● WHAT IS EXPECTED: Repeat the data that follows, keeping every character intact.

● SUPPLIED ENTRIES:
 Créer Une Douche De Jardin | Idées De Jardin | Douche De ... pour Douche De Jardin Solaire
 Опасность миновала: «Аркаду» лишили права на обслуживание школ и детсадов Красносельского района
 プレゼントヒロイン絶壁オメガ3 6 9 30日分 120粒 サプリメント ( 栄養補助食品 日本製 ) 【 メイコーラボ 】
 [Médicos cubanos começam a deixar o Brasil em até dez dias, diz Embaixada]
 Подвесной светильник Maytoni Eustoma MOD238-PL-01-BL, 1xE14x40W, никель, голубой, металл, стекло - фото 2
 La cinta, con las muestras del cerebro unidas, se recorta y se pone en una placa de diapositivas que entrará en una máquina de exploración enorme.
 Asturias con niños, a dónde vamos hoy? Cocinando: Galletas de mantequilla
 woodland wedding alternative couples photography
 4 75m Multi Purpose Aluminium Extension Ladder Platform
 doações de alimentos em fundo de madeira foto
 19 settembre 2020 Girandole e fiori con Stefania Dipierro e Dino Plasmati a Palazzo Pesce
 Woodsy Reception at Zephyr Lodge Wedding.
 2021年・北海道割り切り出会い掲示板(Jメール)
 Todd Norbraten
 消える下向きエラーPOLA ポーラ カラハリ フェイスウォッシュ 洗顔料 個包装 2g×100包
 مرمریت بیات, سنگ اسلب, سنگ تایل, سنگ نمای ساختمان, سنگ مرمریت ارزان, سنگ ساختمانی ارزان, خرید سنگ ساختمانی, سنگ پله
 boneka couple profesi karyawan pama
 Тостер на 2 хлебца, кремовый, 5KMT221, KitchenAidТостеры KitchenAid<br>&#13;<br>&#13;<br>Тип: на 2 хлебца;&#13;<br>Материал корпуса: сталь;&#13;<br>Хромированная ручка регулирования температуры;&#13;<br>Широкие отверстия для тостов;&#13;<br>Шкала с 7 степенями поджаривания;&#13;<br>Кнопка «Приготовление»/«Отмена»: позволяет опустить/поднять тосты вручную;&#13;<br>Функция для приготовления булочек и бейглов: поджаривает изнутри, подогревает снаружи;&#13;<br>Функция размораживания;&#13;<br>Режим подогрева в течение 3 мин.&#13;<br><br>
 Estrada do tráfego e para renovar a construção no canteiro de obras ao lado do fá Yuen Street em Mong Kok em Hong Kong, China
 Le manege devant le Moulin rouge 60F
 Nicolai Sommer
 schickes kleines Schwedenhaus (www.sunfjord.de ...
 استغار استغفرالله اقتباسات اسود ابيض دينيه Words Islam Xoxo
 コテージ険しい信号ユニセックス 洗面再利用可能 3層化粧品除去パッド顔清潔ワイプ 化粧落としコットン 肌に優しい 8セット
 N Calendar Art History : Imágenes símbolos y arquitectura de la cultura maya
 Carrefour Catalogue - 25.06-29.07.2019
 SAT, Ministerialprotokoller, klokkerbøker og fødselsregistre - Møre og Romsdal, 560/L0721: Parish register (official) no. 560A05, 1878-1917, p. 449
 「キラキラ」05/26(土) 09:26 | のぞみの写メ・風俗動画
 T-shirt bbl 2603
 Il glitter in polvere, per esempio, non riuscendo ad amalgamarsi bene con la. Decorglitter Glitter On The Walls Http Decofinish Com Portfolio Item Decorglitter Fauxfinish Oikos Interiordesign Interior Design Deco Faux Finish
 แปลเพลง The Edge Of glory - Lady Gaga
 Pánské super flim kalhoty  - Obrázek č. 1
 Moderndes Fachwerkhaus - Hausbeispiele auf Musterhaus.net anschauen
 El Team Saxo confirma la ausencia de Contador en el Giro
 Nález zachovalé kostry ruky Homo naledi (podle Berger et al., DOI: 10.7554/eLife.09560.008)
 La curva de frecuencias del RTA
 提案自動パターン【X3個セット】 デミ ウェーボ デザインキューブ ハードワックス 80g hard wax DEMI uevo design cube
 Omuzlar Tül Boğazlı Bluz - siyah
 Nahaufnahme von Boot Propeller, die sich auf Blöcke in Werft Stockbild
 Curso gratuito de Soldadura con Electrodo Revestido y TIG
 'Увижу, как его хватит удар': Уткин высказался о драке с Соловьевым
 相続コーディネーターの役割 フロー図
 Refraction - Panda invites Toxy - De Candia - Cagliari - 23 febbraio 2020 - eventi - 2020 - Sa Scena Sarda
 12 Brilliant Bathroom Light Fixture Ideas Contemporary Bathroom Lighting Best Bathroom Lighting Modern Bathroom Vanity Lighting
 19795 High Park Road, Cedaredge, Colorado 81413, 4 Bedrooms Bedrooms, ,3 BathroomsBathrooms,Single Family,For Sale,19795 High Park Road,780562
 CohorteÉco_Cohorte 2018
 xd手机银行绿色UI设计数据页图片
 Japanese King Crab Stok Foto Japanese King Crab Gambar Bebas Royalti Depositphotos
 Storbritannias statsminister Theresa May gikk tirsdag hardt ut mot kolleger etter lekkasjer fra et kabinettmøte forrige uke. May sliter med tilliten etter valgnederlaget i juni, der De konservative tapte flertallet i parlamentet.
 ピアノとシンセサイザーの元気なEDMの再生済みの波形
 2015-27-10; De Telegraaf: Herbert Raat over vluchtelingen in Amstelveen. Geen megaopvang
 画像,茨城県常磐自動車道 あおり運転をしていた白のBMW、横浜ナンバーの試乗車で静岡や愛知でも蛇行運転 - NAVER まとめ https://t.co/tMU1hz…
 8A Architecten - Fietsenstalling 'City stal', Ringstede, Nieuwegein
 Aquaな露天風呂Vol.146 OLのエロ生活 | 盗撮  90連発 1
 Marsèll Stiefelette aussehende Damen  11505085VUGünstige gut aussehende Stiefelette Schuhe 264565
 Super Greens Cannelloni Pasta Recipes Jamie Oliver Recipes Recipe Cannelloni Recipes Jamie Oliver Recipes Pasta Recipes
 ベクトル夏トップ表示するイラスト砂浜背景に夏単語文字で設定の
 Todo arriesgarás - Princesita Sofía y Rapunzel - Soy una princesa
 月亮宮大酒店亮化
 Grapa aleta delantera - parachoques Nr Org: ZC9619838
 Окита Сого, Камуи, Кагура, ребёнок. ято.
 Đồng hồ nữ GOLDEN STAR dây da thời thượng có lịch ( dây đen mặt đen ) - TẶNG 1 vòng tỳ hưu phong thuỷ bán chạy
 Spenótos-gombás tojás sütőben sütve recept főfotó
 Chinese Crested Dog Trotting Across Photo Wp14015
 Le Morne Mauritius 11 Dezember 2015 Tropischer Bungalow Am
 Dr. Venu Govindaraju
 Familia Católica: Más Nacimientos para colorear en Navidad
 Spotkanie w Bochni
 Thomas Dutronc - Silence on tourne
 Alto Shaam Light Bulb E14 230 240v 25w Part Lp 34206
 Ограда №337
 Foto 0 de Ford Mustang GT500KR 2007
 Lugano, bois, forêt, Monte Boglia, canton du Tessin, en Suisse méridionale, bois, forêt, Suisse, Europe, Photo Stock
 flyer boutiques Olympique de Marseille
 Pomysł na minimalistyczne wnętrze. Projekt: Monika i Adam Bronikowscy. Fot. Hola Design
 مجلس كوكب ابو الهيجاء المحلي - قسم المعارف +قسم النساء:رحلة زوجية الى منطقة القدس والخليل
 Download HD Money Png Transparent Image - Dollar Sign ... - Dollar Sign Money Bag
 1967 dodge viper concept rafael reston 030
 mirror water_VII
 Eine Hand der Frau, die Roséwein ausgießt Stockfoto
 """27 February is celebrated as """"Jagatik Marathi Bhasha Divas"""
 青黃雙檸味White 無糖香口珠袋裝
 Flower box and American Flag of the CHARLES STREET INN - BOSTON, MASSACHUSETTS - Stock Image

● EXPECTED ANSWER:
 Créer Une Douche De Jardin | Idées De Jardin | Douche De ... pour Douche De Jardin Solaire
 Опасность миновала: «Аркаду» лишили права на обслуживание школ и детсадов Красносельского района
 プレゼントヒロイン絶壁オメガ3 6 9 30日分 120粒 サプリメント ( 栄養補助食品 日本製 ) 【 メイコーラボ 】
 [Médicos cubanos começam a deixar o Brasil em até dez dias, diz Embaixada]
 Подвесной светильник Maytoni Eustoma MOD238-PL-01-BL, 1xE14x40W, никель, голубой, металл, стекло - фото 2
 La cinta, con las muestras del cerebro unidas, se recorta y se pone en una placa de diapositivas que entrará en una máquina de exploración enorme.
 Asturias con niños, a dónde vamos hoy? Cocinando: Galletas de mantequilla
 woodland wedding alternative couples photography
 4 75m Multi Purpose Aluminium Extension Ladder Platform
 doações de alimentos em fundo de madeira foto
 19 settembre 2020 Girandole e fiori con Stefania Dipierro e Dino Plasmati a Palazzo Pesce
 Woodsy Reception at Zephyr Lodge Wedding.
 2021年・北海道割り切り出会い掲示板(Jメール)
 Todd Norbraten
 消える下向きエラーPOLA ポーラ カラハリ フェイスウォッシュ 洗顔料 個包装 2g×100包
 مرمریت بیات, سنگ اسلب, سنگ تایل, سنگ نمای ساختمان, سنگ مرمریت ارزان, سنگ ساختمانی ارزان, خرید سنگ ساختمانی, سنگ پله
 boneka couple profesi karyawan pama
 Тостер на 2 хлебца, кремовый, 5KMT221, KitchenAidТостеры KitchenAid<br>&#13;<br>&#13;<br>Тип: на 2 хлебца;&#13;<br>Материал корпуса: сталь;&#13;<br>Хромированная ручка регулирования температуры;&#13;<br>Широкие отверстия для тостов;&#13;<br>Шкала с 7 степенями поджаривания;&#13;<br>Кнопка «Приготовление»/«Отмена»: позволяет опустить/поднять тосты вручную;&#13;<br>Функция для приготовления булочек и бейглов: поджаривает изнутри, подогревает снаружи;&#13;<br>Функция размораживания;&#13;<br>Режим подогрева в течение 3 мин.&#13;<br><br>
 Estrada do tráfego e para renovar a construção no canteiro de obras ao lado do fá Yuen Street em Mong Kok em Hong Kong, China
 Le manege devant le Moulin rouge 60F
 Nicolai Sommer
 schickes kleines Schwedenhaus (www.sunfjord.de ...
 استغار استغفرالله اقتباسات اسود ابيض دينيه Words Islam Xoxo
 コテージ険しい信号ユニセックス 洗面再利用可能 3層化粧品除去パッド顔清潔ワイプ 化粧落としコットン 肌に優しい 8セット
 N Calendar Art History : Imágenes símbolos y arquitectura de la cultura maya
 Carrefour Catalogue - 25.06-29.07.2019
 SAT, Ministerialprotokoller, klokkerbøker og fødselsregistre - Møre og Romsdal, 560/L0721: Parish register (official) no. 560A05, 1878-1917, p. 449
 「キラキラ」05/26(土) 09:26 | のぞみの写メ・風俗動画
 T-shirt bbl 2603
 Il glitter in polvere, per esempio, non riuscendo ad amalgamarsi bene con la. Decorglitter Glitter On The Walls Http Decofinish Com Portfolio Item Decorglitter Fauxfinish Oikos Interiordesign Interior Design Deco Faux Finish
 แปลเพลง The Edge Of glory - Lady Gaga
 Pánské super flim kalhoty  - Obrázek č. 1
 Moderndes Fachwerkhaus - Hausbeispiele auf Musterhaus.net anschauen
 El Team Saxo confirma la ausencia de Contador en el Giro
 Nález zachovalé kostry ruky Homo naledi (podle Berger et al., DOI: 10.7554/eLife.09560.008)
 La curva de frecuencias del RTA
 提案自動パターン【X3個セット】 デミ ウェーボ デザインキューブ ハードワックス 80g hard wax DEMI uevo design cube
 Omuzlar Tül Boğazlı Bluz - siyah
 Nahaufnahme von Boot Propeller, die sich auf Blöcke in Werft Stockbild
 Curso gratuito de Soldadura con Electrodo Revestido y TIG
 'Увижу, как его хватит удар': Уткин высказался о драке с Соловьевым
 相続コーディネーターの役割 フロー図
 Refraction - Panda invites Toxy - De Candia - Cagliari - 23 febbraio 2020 - eventi - 2020 - Sa Scena Sarda
 12 Brilliant Bathroom Light Fixture Ideas Contemporary Bathroom Lighting Best Bathroom Lighting Modern Bathroom Vanity Lighting
 19795 High Park Road, Cedaredge, Colorado 81413, 4 Bedrooms Bedrooms, ,3 BathroomsBathrooms,Single Family,For Sale,19795 High Park Road,780562
 CohorteÉco_Cohorte 2018
 xd手机银行绿色UI设计数据页图片
 Japanese King Crab Stok Foto Japanese King Crab Gambar Bebas Royalti Depositphotos
 Storbritannias statsminister Theresa May gikk tirsdag hardt ut mot kolleger etter lekkasjer fra et kabinettmøte forrige uke. May sliter med tilliten etter valgnederlaget i juni, der De konservative tapte flertallet i parlamentet.
 ピアノとシンセサイザーの元気なEDMの再生済みの波形
 2015-27-10; De Telegraaf: Herbert Raat over vluchtelingen in Amstelveen. Geen megaopvang
 画像,茨城県常磐自動車道 あおり運転をしていた白のBMW、横浜ナンバーの試乗車で静岡や愛知でも蛇行運転 - NAVER まとめ https://t.co/tMU1hz…
 8A Architecten - Fietsenstalling 'City stal', Ringstede, Nieuwegein
 Aquaな露天風呂Vol.146 OLのエロ生活 | 盗撮  90連発 1
 Marsèll Stiefelette aussehende Damen  11505085VUGünstige gut aussehende Stiefelette Schuhe 264565
 Super Greens Cannelloni Pasta Recipes Jamie Oliver Recipes Recipe Cannelloni Recipes Jamie Oliver Recipes Pasta Recipes
 ベクトル夏トップ表示するイラスト砂浜背景に夏単語文字で設定の
 Todo arriesgarás - Princesita Sofía y Rapunzel - Soy una princesa
 月亮宮大酒店亮化
 Grapa aleta delantera - parachoques Nr Org: ZC9619838
 Окита Сого, Камуи, Кагура, ребёнок. ято.
 Đồng hồ nữ GOLDEN STAR dây da thời thượng có lịch ( dây đen mặt đen ) - TẶNG 1 vòng tỳ hưu phong thuỷ bán chạy
 Spenótos-gombás tojás sütőben sütve recept főfotó
 Chinese Crested Dog Trotting Across Photo Wp14015
 Le Morne Mauritius 11 Dezember 2015 Tropischer Bungalow Am
 Dr. Venu Govindaraju
 Familia Católica: Más Nacimientos para colorear en Navidad
 Spotkanie w Bochni
 Thomas Dutronc - Silence on tourne
 Alto Shaam Light Bulb E14 230 240v 25w Part Lp 34206
 Ограда №337
 Foto 0 de Ford Mustang GT500KR 2007
 Lugano, bois, forêt, Monte Boglia, canton du Tessin, en Suisse méridionale, bois, forêt, Suisse, Europe, Photo Stock
 flyer boutiques Olympique de Marseille
 Pomysł na minimalistyczne wnętrze. Projekt: Monika i Adam Bronikowscy. Fot. Hola Design
 مجلس كوكب ابو الهيجاء المحلي - قسم المعارف +قسم النساء:رحلة زوجية الى منطقة القدس والخليل
 Download HD Money Png Transparent Image - Dollar Sign ... - Dollar Sign Money Bag
 1967 dodge viper concept rafael reston 030
 mirror water_VII
 Eine Hand der Frau, die Roséwein ausgießt Stockfoto
 """27 February is celebrated as """"Jagatik Marathi Bhasha Divas"""
 青黃雙檸味White 無糖香口珠袋裝
 Flower box and American Flag of the CHARLES STREET INN - BOSTON, MASSACHUSETTS - Stock Image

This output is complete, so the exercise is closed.